For every line below, output the text exactly and leave out images.

##### The data #####

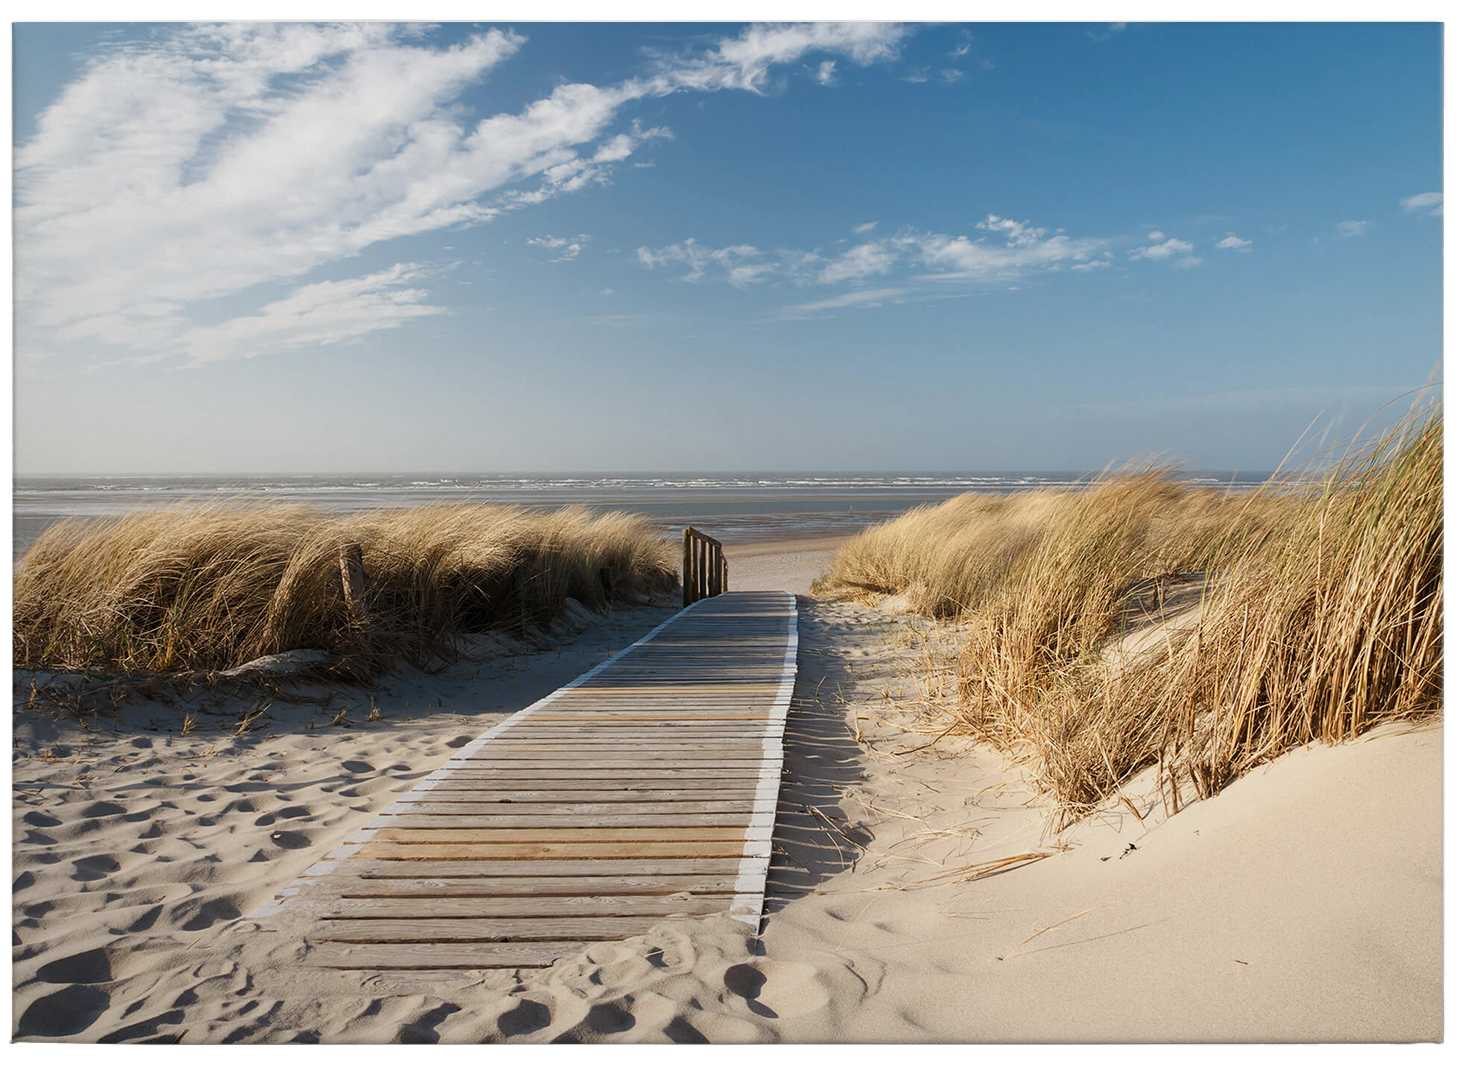             Baltic sea canvas print beach and sea – blue, beige
        
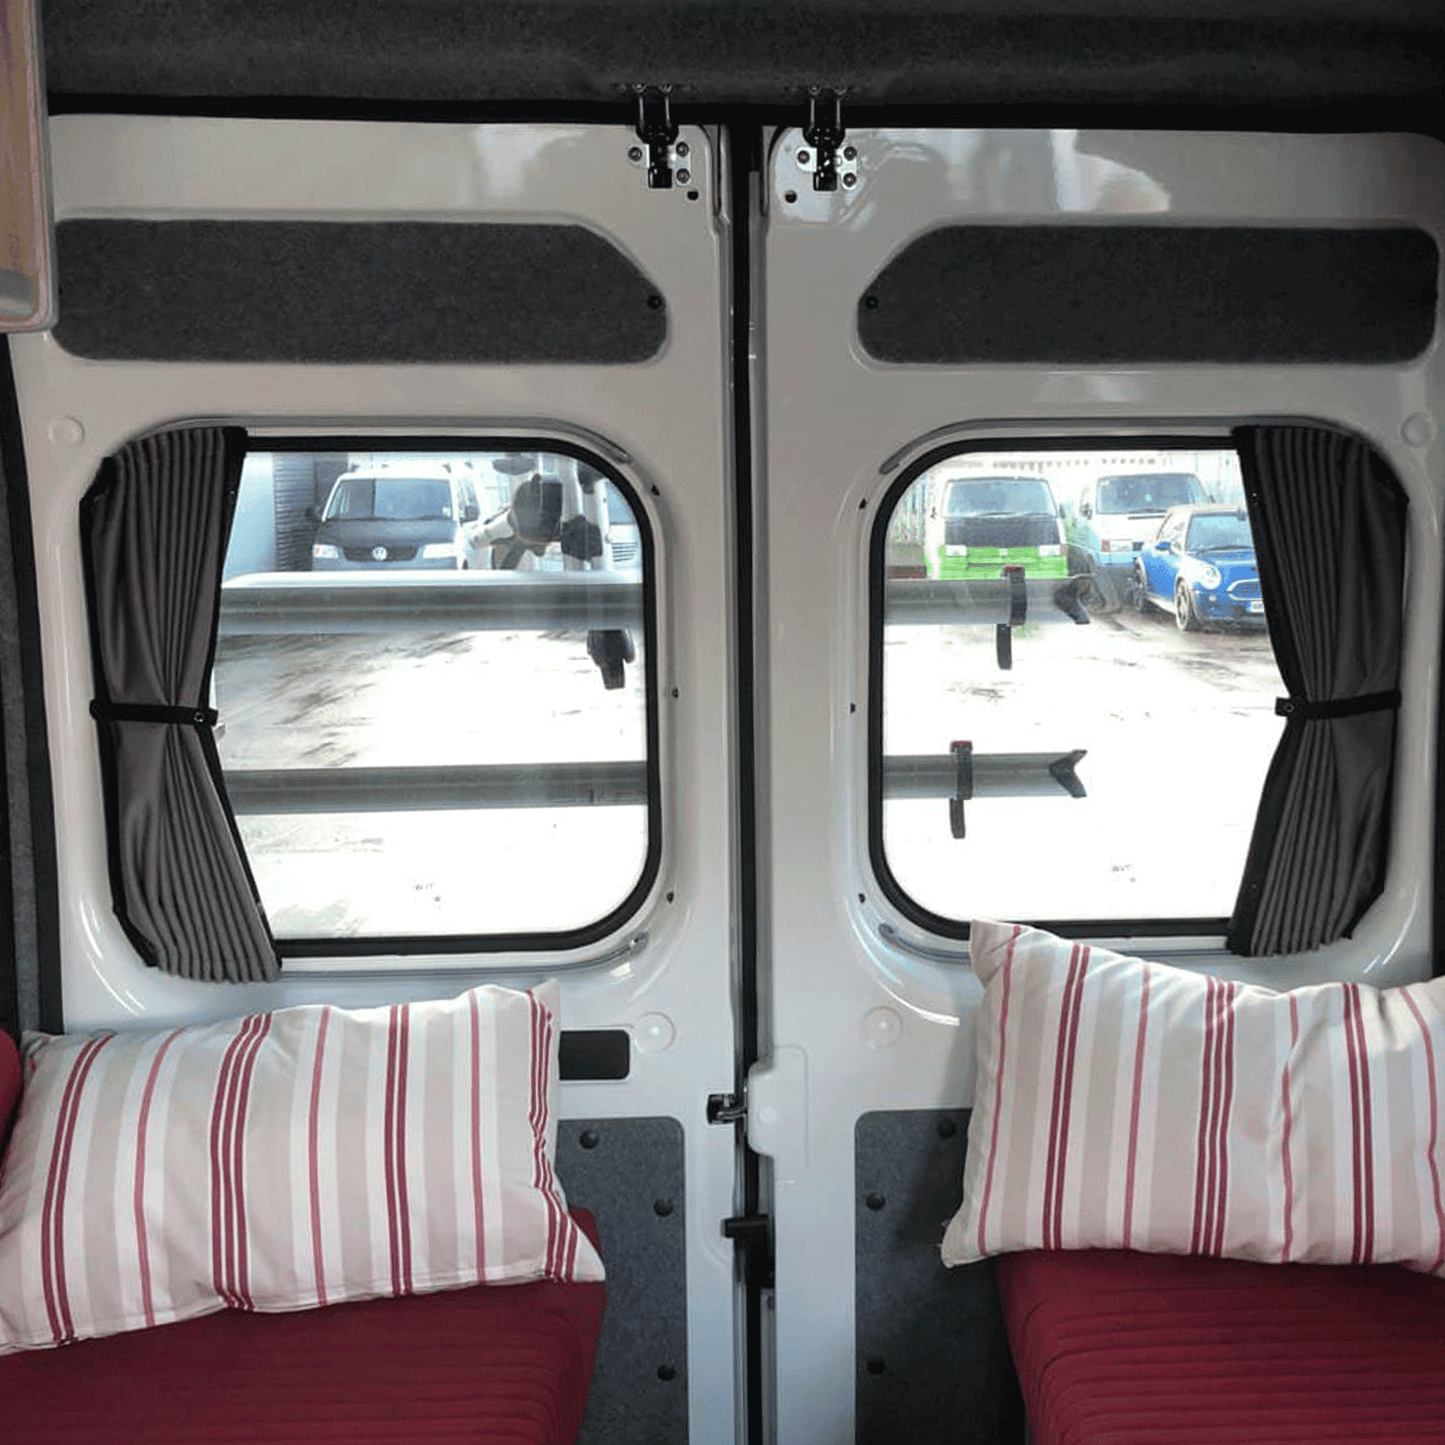 Renault Trafic Premium 1 x Barndoor Window Curtains Van-X
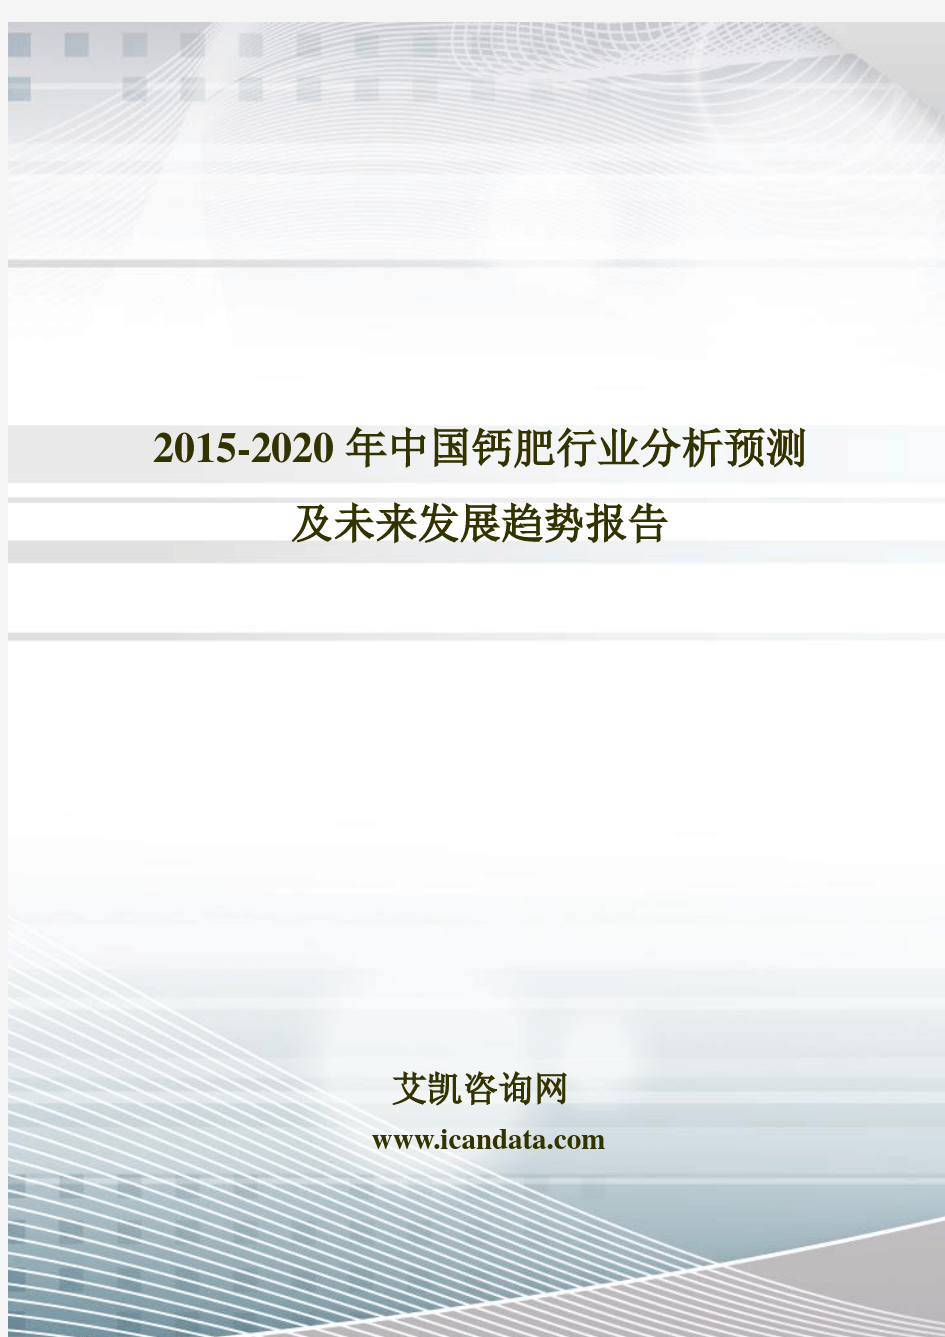 2015-2020年中国钙肥行业分析预测及未来发展趋势报告

#####

**Completed task:**
             Baltic sea canvas print beach and sea – blue, beige
        
 Renault Trafic Premium 1 x Barndoor Window Curtains Van-X
 2015-2020年中国钙肥行业分析预测及未来发展趋势报告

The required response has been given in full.